Yes. With price near ¥4,746 and book value per share around ¥5,224, the PBR is roughly 0.90x. That discount reflects policy and project uncertainty. If earnings remain strong and Maglev concerns ease, we think the gap to book value and to peers can narrow.

What is driving JR Tokai earnings into FY2026?

Sustained inbound tourism, resilient domestic business travel, and event-driven demand support the Tokaido Shinkansen. Better capacity planning and stable operations help margins. Management guides for record FY2026 profit, assuming limited impact from China’s advisory and continued interest in key routes linking Tokyo, Nagoya, and Osaka.

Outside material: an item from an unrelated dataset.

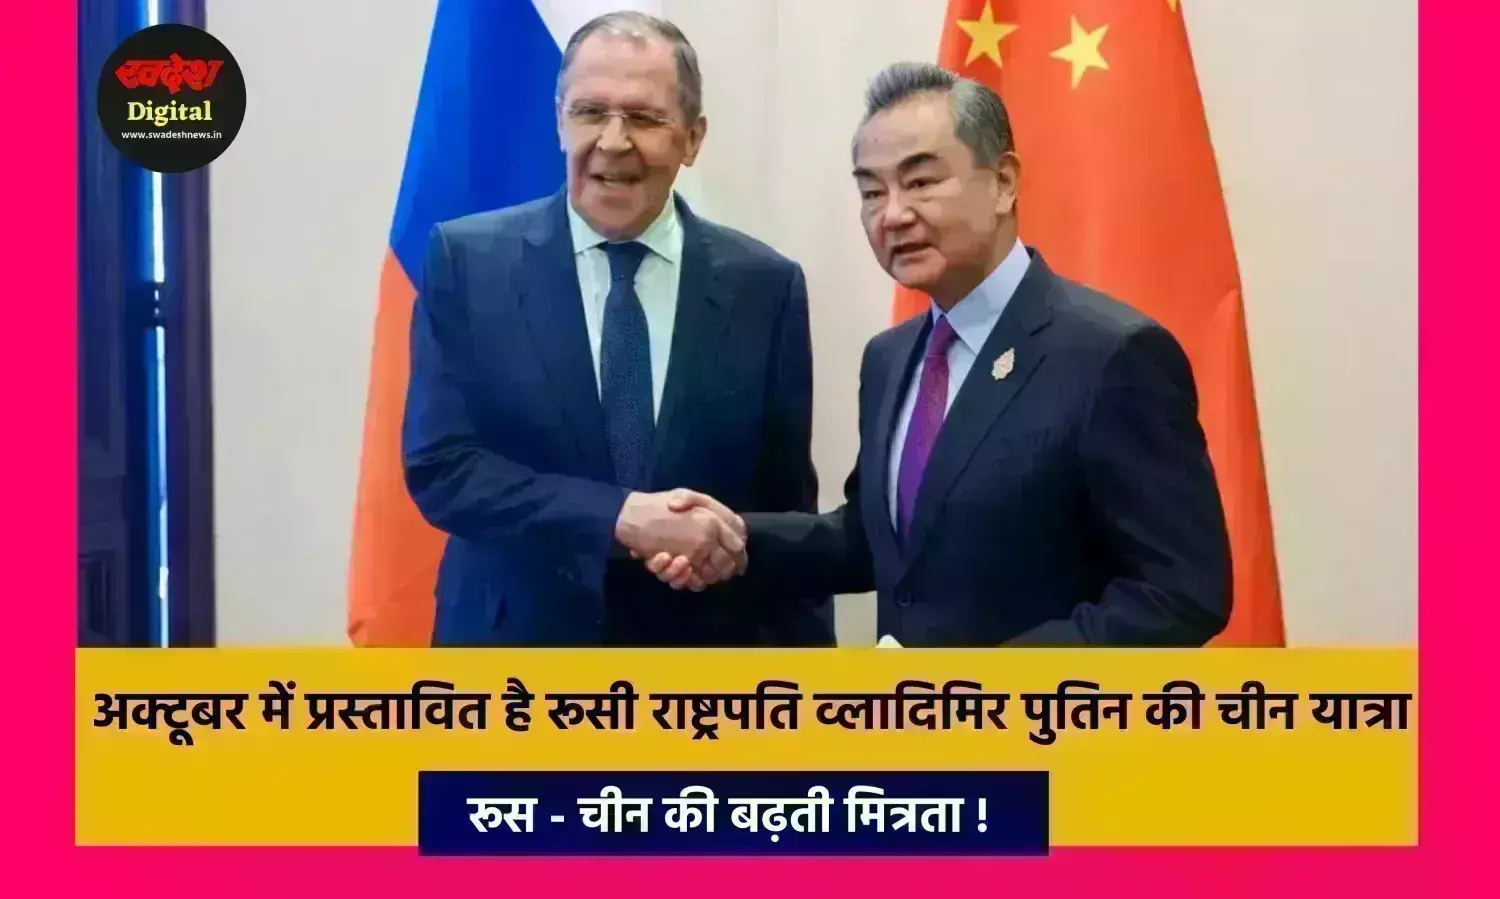 रूस - चीन की बढ़ती मित्रता ! चार दिवसीय यात्रा पर चीनी विदेश मंत्री पहुंचे मॉस्को
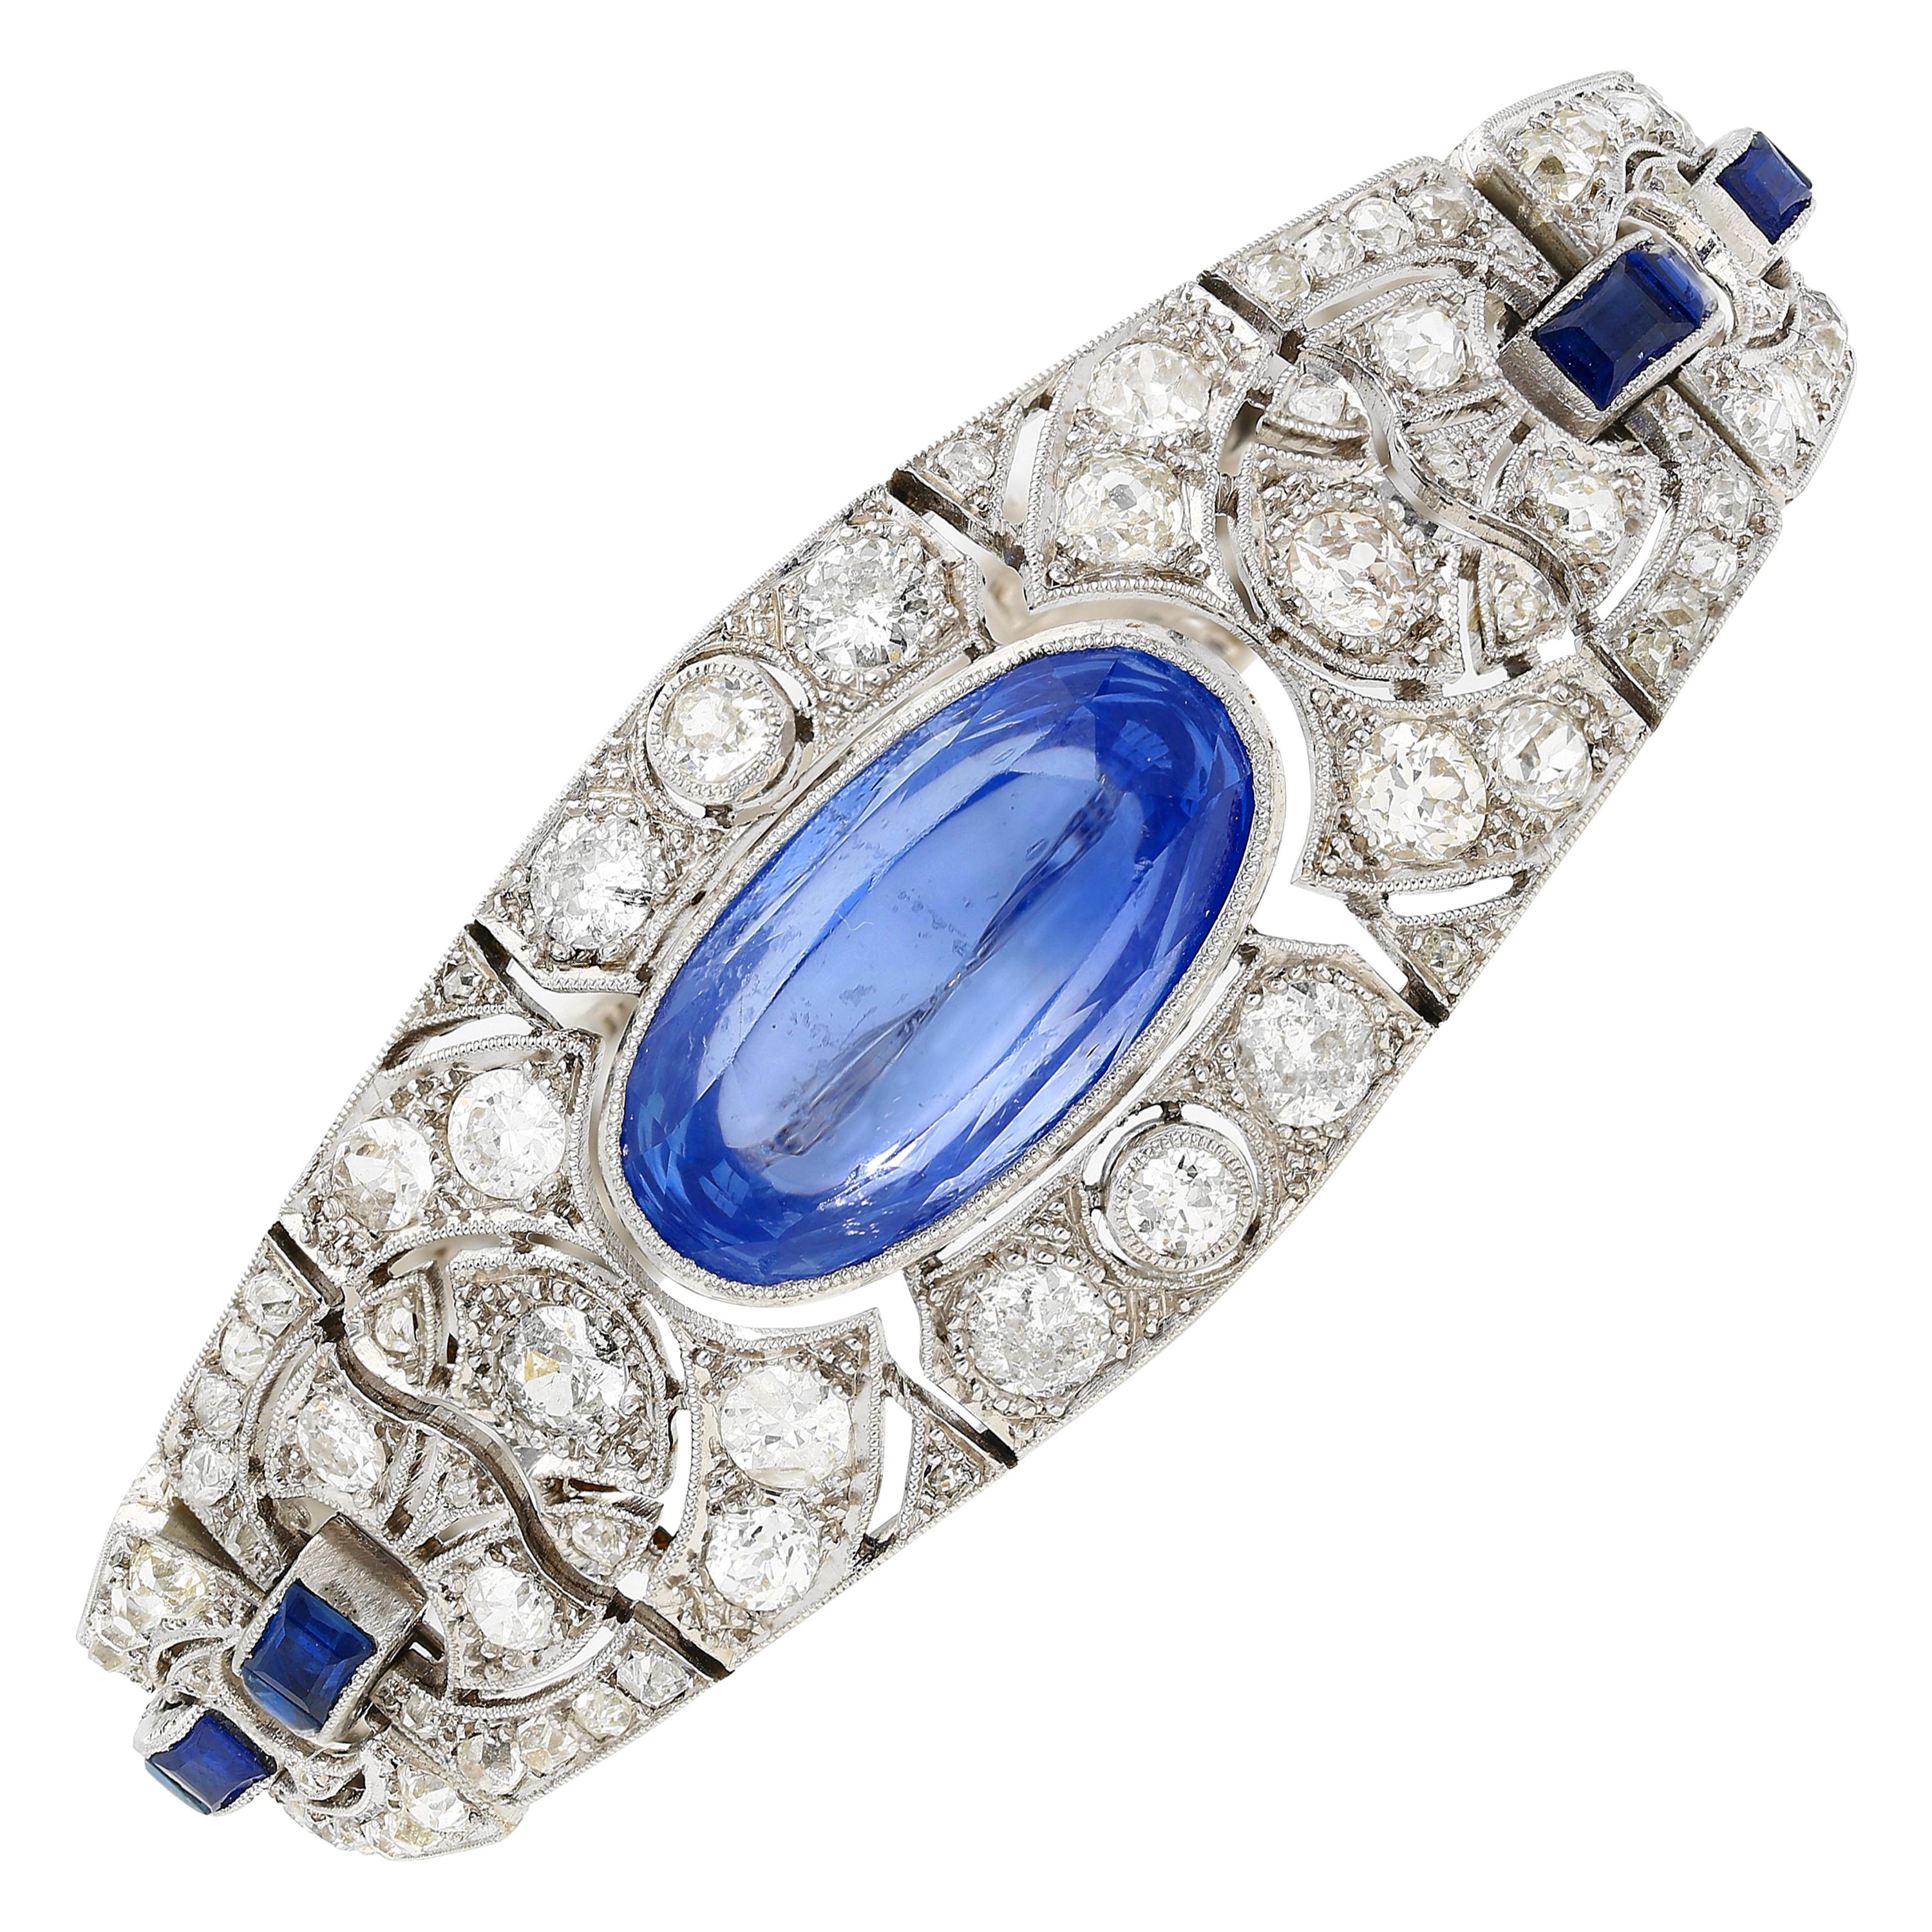 Art Deco Era 20 Carat Oval-Cut Ceylon Sapphire and Old-Euro Cut Diamond Bracelet

What could re-rate Central Japan Railway stock from here?

Clear progress on the Shizuoka Maglev restart, consistent upside to traffic, and disciplined costs could lift sentiment. A supportive policy backdrop and stronger free cash generation would also help narrow the PBR discount. Delivering on record FY2026 profit guidance is the most direct path to re-rating.

What risks should investors monitor?

Key risks include delays or cost pressures tied to the Maglev, a slowdown in inbound tourism, and potential operational disruptions. Currency shifts may affect visitor flows. Any safety incidents or regulatory setbacks could weigh on demand and valuation for Central Japan Railway stock in the short term.

Disclaimer:

The content shared by Meyka AI PTY LTD is solely for research and informational purposes.  Meyka is not a financial advisory service, and the information provided should not be considered investment or trading advice.